Let's break down the key concepts and companies mentioned in the article:

  1. Motley Fool's Stock Advisor Newsletter:

    • The Motley Fool is known for its flagship newsletter, Stock Advisor, which provides investment recommendations and insights to subscribers.
    • They often pitch specific companies to their audience, highlighting their own investments in these stocks.
  2. Highlighted Company and Investment:

    • The article discusses a company that The Motley Fool has invested over $1.5 million in, emphasizing its significant potential.
    • Despite the company's success, it's suggested that many investors may not be familiar with it.
  3. Historical Investment Success:

    • The Motley Fool mentions past successful investment recommendations, including Amazon, Netflix, Nvidia, Baidu, and Salesforce, which saw substantial gains over the years.
  4. Investment Strategy:

    • The Motley Fool's strategy involves holding onto stocks for the long term, believing that a few big winners will compensate for underperforming stocks.
    • They disclose their ownership of stocks when covering specific companies.
  5. Teaser Pitch and Clues:

    • The article analyzes clues provided by The Motley Fool to identify the highlighted stock, including its pioneering technology and rapid revenue growth.
    • The company is described as small and California-based, with notable customers like Microsoft, Alphabet (Google), and Amazon.
  6. Recurring Recommendations:

    • The Motley Fool has been recommending this particular stock for several years, with varying degrees of emphasis in their promotional materials over time.
    • The article suggests that the frequency of recommendations may have decreased recently.
  7. Identified Company - Arista Networks (ANET):

    • The highlighted company is revealed to be Arista Networks (ANET), a California-based firm specializing in software-driven cloud networking for large-scale data centers and campus environments.
    • Arista's key products include Extensible Operating System (EOS™) and CloudVision™.
    • Its competitors include Cisco Systems (CSCO) and Juniper Networks (JNPR).
  8. Financial Performance and Analyst Expectations:

    • Arista Networks has shown strong financial performance, with consistent earnings beats and a focus on data center spending and AI.
    • Analysts have upgraded Arista Networks, citing expectations of revenue growth, margin expansion, and exposure to generative AI.
    • The company's stock price has risen, with forward price-to-earnings (PE) ratio and growth expectations indicating investor optimism.
  9. Potential Risks:

    • Arista Networks faces risks related to customer concentration, with a significant portion of revenue coming from a few key customers like Meta Platforms (formerly Facebook) and Microsoft.
    • Volatility in customer spending, particularly by these major clients, can impact Arista's financial performance and stock price.
  10. Market Dynamics and Competition:

    • Arista Networks competes with larger companies like Cisco Systems, which has a significantly higher revenue but slower growth expectations.
    • The company's growth trajectory depends on its ability to maintain market share and capitalize on the growing demand for cloud networking and data center infrastructure.

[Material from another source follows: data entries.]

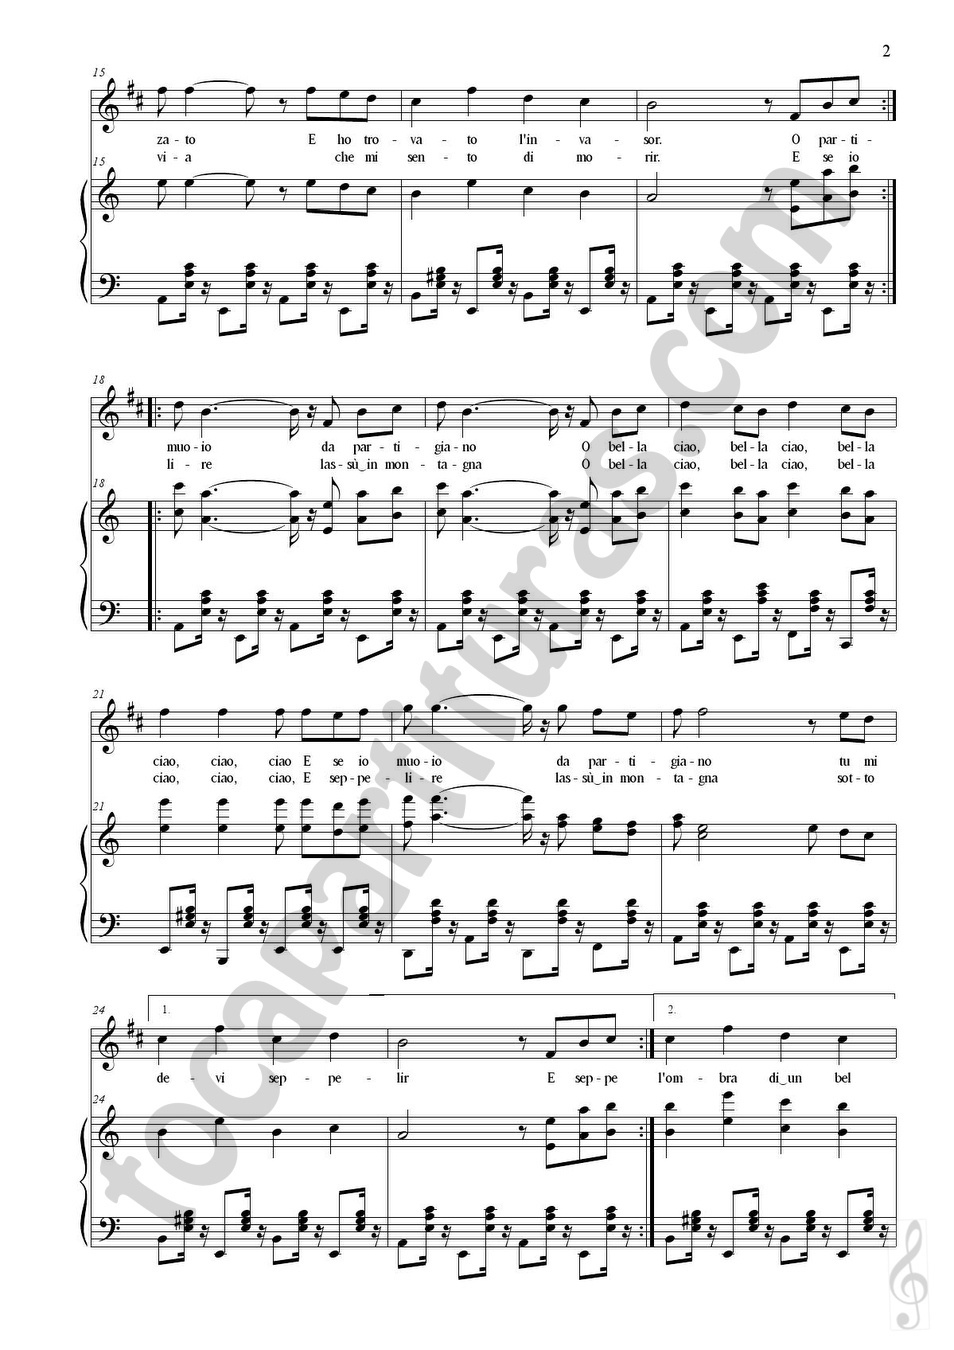 Bella Ciao - Partitura fácil y gratuita en PDF - La Touche Musicale
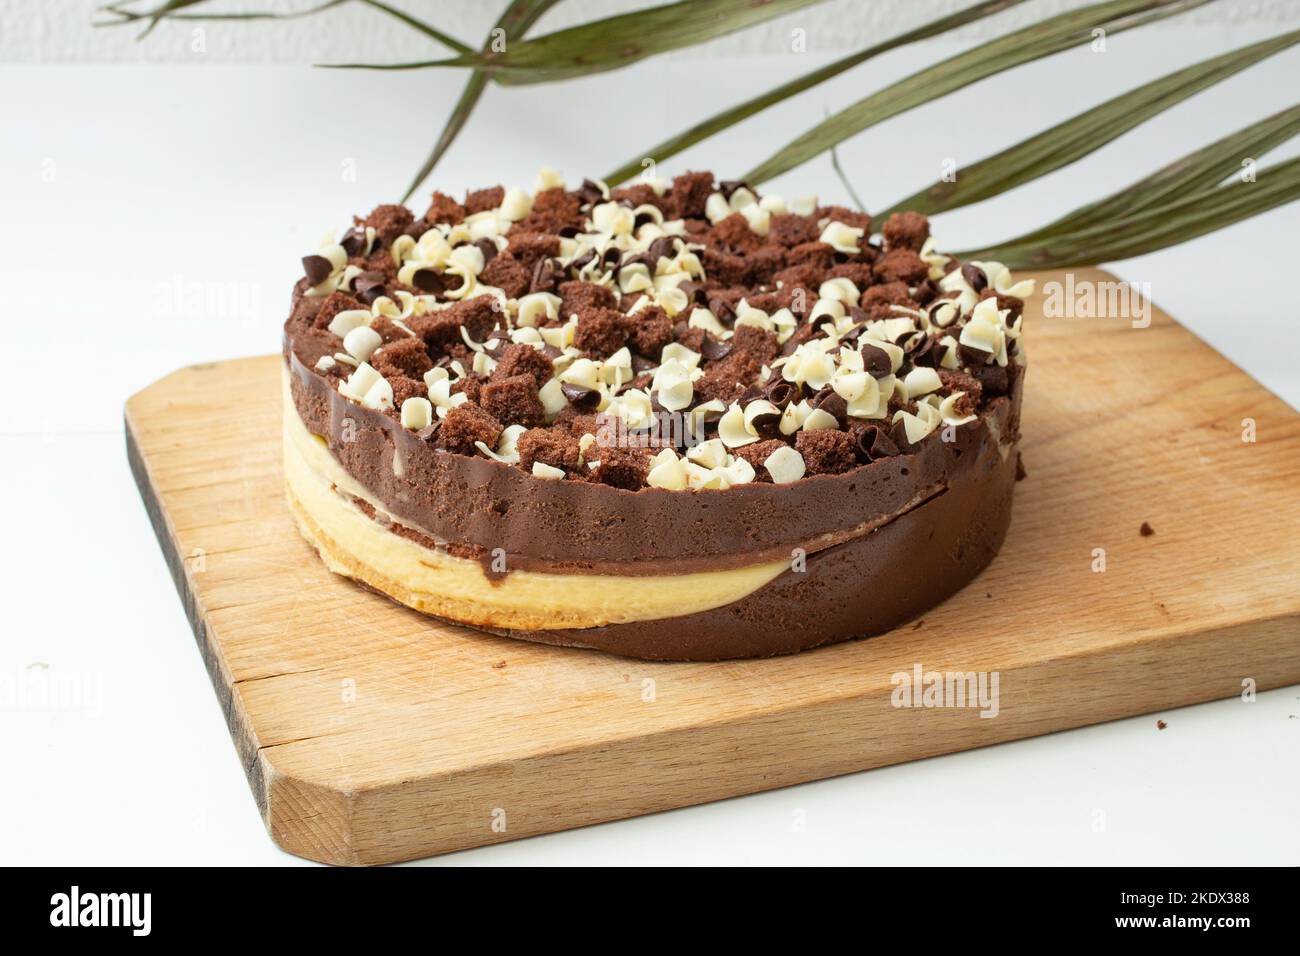 Schokoladen-Vanillekuchen auf einem Holzbrett, mit tropischen grünen Blättern im Hintergrund Stockfoto
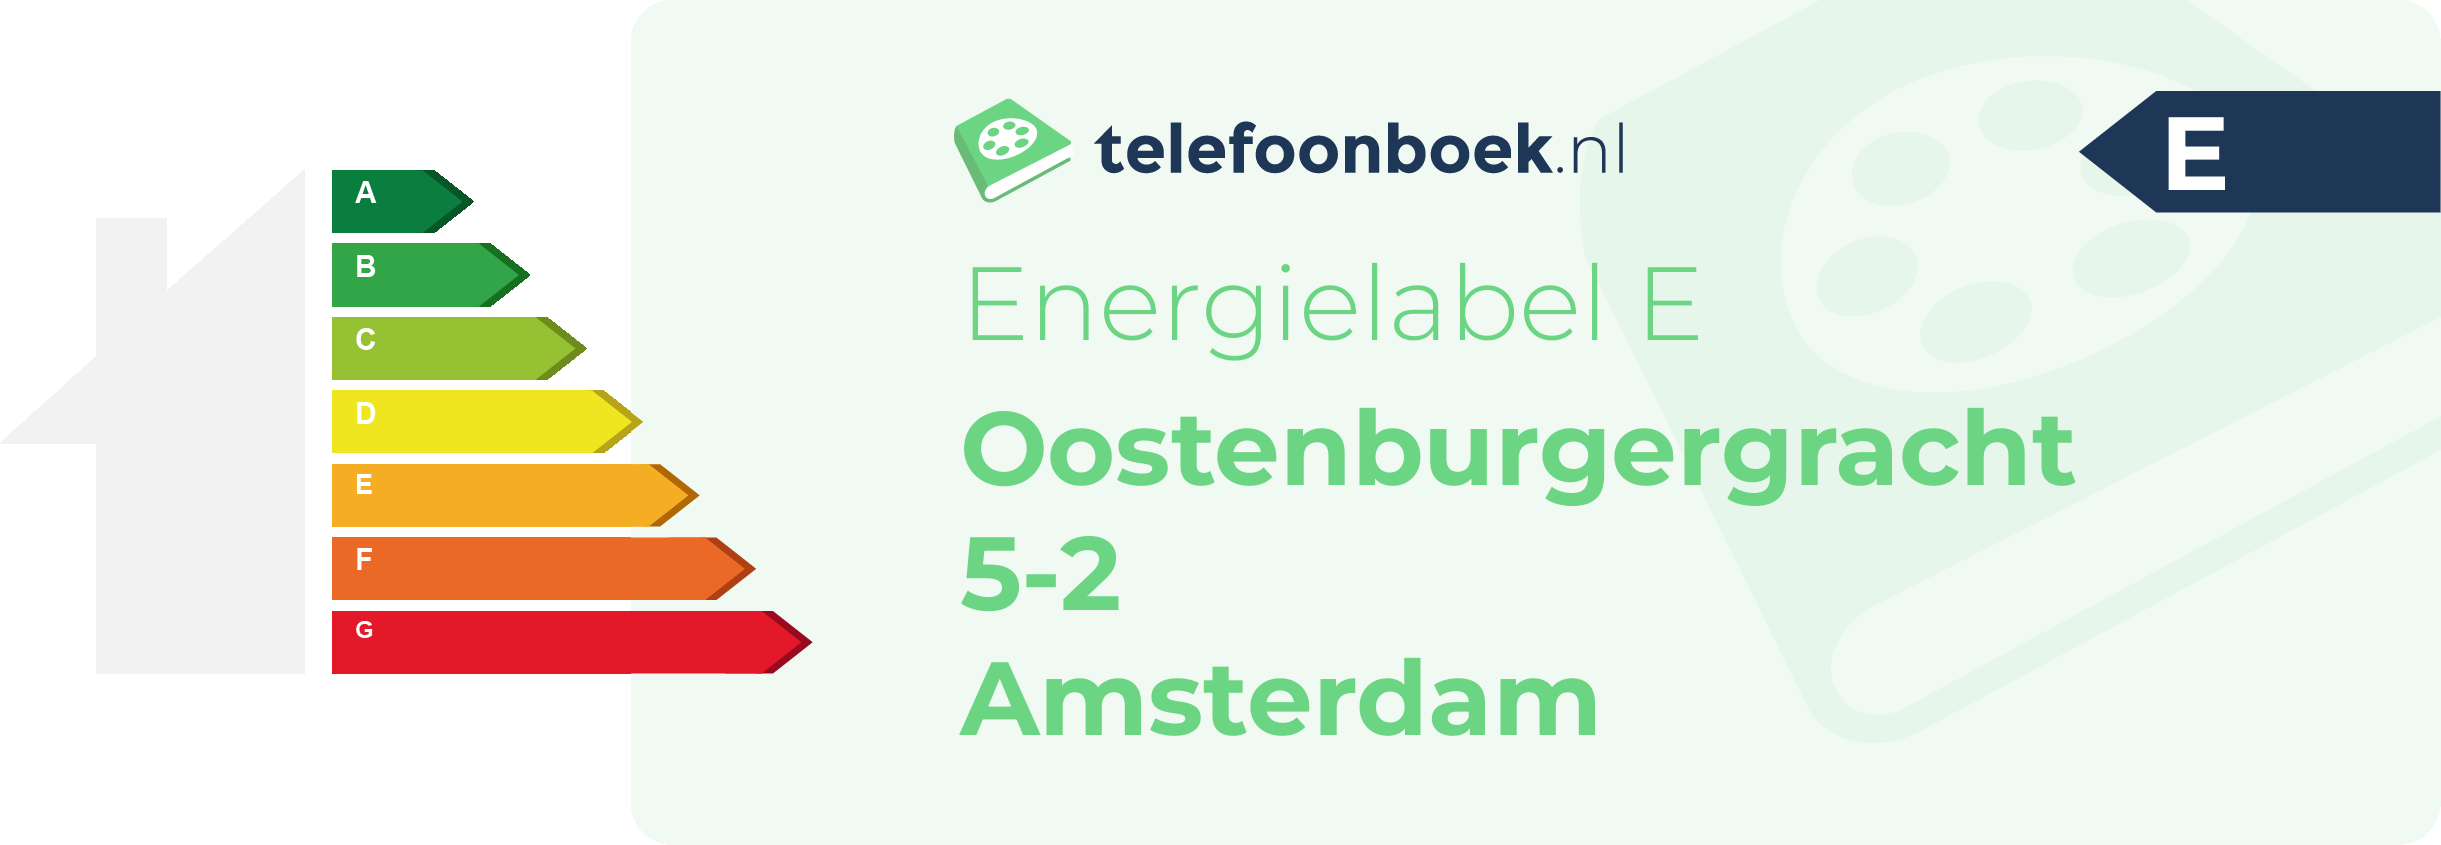 Energielabel Oostenburgergracht 5-2 Amsterdam

In summary, the article provides a detailed analysis of The Motley Fool's promotion of Arista Networks as a promising investment opportunity. It discusses the company's background, financial performance, analyst expectations, potential risks, and competitive landscape, offering valuable insights for investors considering this stock.

Answered: Motley Fool’s “We’ve Recommended This Stock 14 Times” Teaser (2024)


Top Articles
Latest Posts
Article information

Author: Gregorio Kreiger

Last Updated:

Views: 5499

Rating: 4.7 / 5 (57 voted)

Reviews: 88% of readers found this page helpful

Author information

Name: Gregorio Kreiger

Birthday: 1994-12-18

Address: 89212 Tracey Ramp, Sunside, MT 08453-0951

Phone: +9014805370218

Job: Customer Designer

Hobby: Mountain biking, Orienteering, Hiking, Sewing, Backpacking, Mushroom hunting, Backpacking

Introduction: My name is Gregorio Kreiger, I am a tender, brainy, enthusiastic, combative, agreeable, gentle, gentle person who loves writing and wants to share my knowledge and understanding with you.